Segundo Giddens (1998), a sociedade é organizada por preocupações modernas, que se traduzem numa reorganização reflexiva das relações sociais. As transformações que se deram na modernidade tardia obrigaram a uma adaptação do “eu” às mesmas. E uma das características do “eu” (auto-identidade) é o corpo. O corpo passa a ser produto - o bem mais importante do eu - através do qual o individuo se mostra aos outros. Como tal, deve procurar seguir as imagens de juventude, beleza e boa forma. Isto é, deve apresentar estímulos positivos, para aumentar o seu valor na sociedades modernas - consumistas - (Fox, 1997, cit in Cunha, 2004).

Resumindo, o culto do corpo e da aparência esconde uma preocupação enorme com o controlo activo e com a construção do corpo, através de várias opções de estilos de vida que a modernidade reflexiva possibilita (Giddens, 1997, cit in Cunha 2004). A preocupação com o corpo não é senão o reflexo da preocupação com a saúde e com a aparência, já que uma não existe sem a outra. Um corpo bonito respira saúde. Já um corpo mal tratado é visto como pouco saudável. Hoje ter-se um corpo musculado, tonificado e firme simboliza uma atitude social correcta, uma vez que corresponde a uma preocupação com a maneira como se parece aos outros, o que envolve controlo, força de vontade e energia (Cunha, 2004, p. 61).

A idade moderna é responsável pela crescente preocupação da sociedade para com o indivíduo, nomeadamente com o seu corpo, por razões da saúde pública (para evitar a propagação de doenças). A ideia é que um corpo saudável é mais rentável, porque é um elemento chave na cadeia de produção (Veríssimo, 2008). Como disse Giddens, “o corpo emancipou-se”. Primeiro era visto como o locus da alma mas, depois, por influências da modernidade tardia, tornou-se mais disponível para ser trabalhado, tornando-se aberto às ofertas da sociedade de consumo (idem).

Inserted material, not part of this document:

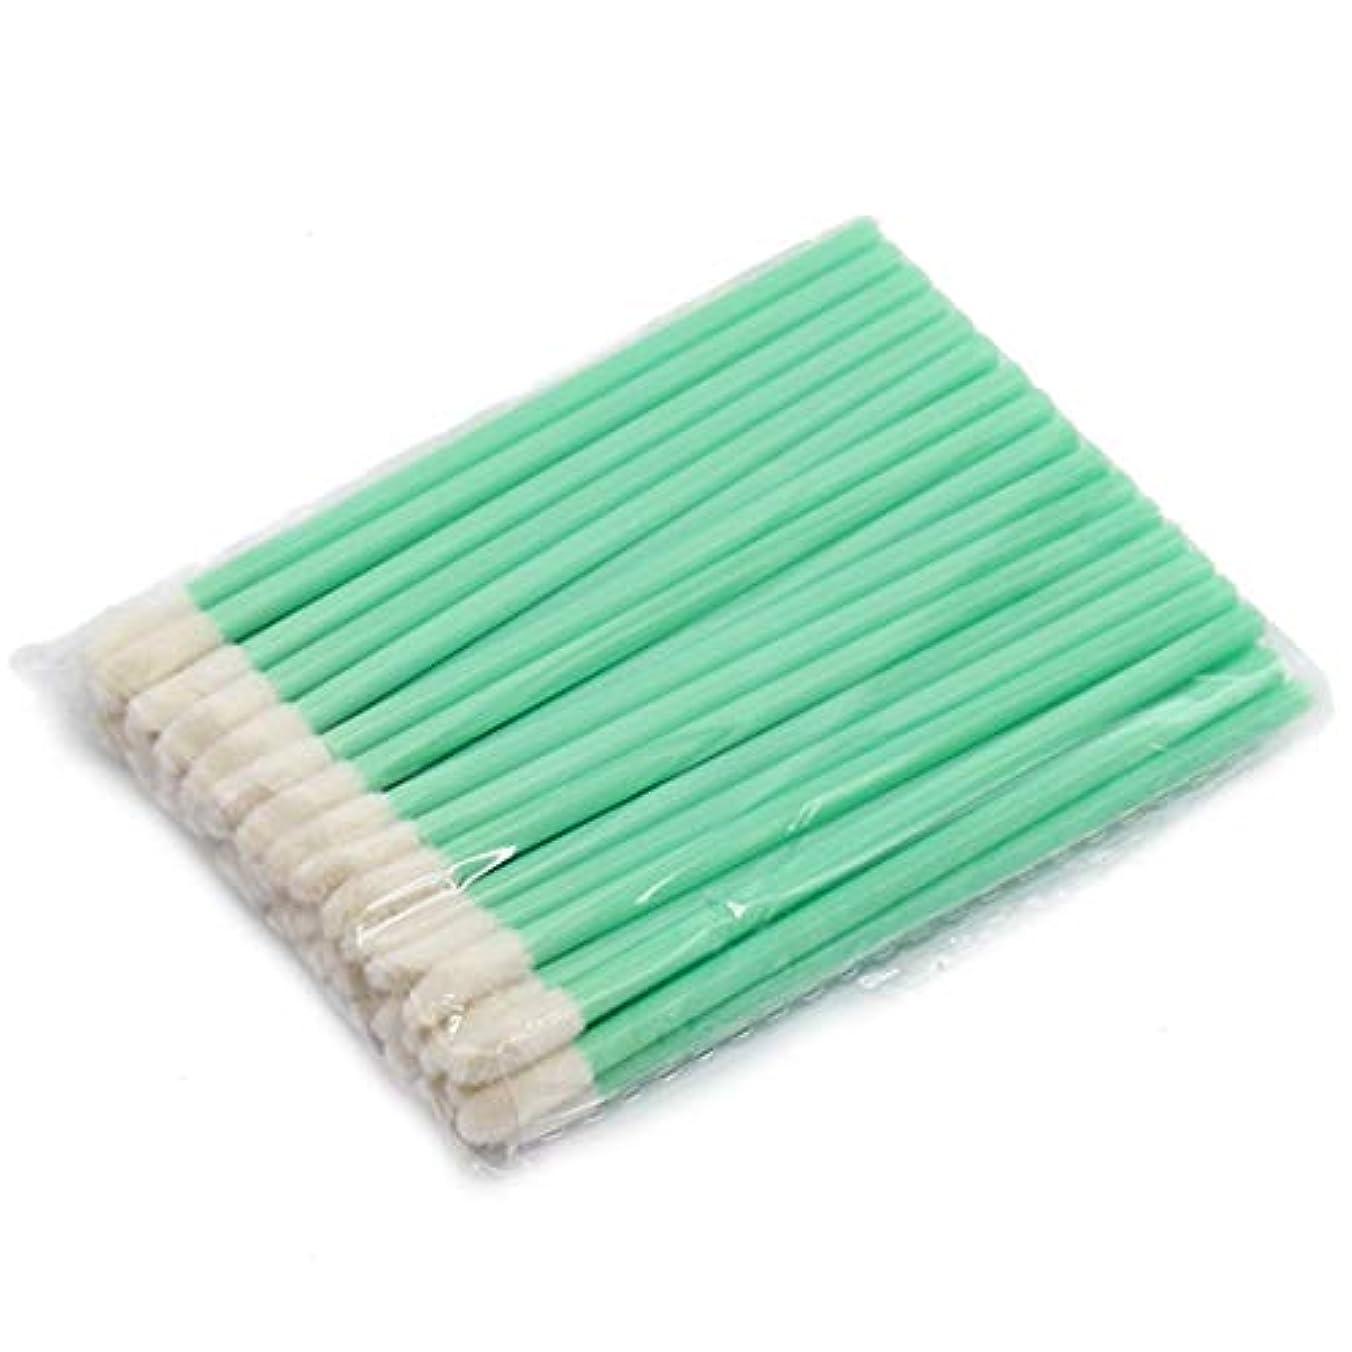 計算可能敷居没頭するMakeup brushes メイクアップ使い捨てリップブラシ口紅グロススティックアプリケーターメイクツールファッションデザイン-グリーン suits (Color : Green)

A sociedade de consumo aproveita-se deste movimento pró saúde para desenvolver a lucrativa indústria da boa forma, criando os mais variados aparelhos de ginástica e outros

equipamentos circundantes à actividade física, defendendo sempre as vantagens que o corpo pode ganhar com esta. Mas desta imposição por um estilo de vida saudável e pela obtenção dos produtos benéficos para o corpo (obrigando a um comportamento correcto para a obtenção do corpo ideal) surgem duas visões antagónicas: a saúde como controlo e a saúde como libertação. Chocam assim as necessidades de disciplina (comportamentos saudáveis como obrigação e imposição social e de prazer (comportamentos saudáveis que levam a um estado positivo, de libertação, prazer e relaxamento e diversão). Em suma, os corpos são o reflexo da disposição e das contradições culturais da sociedade capitalista tardia (Williams e Bendelow, 1998, cit in Cunha, 2004). Os media, por sua vez, têm um papel determinante porque têm o poder de difundir as imagens e informação que vão ajudar a uma cada vez maior pressão consumista, induzida em especial pela indústria alimentar, farmacêutica, cosmética que tanto contribuíram para o culto do corpo (Veríssimo, 2008).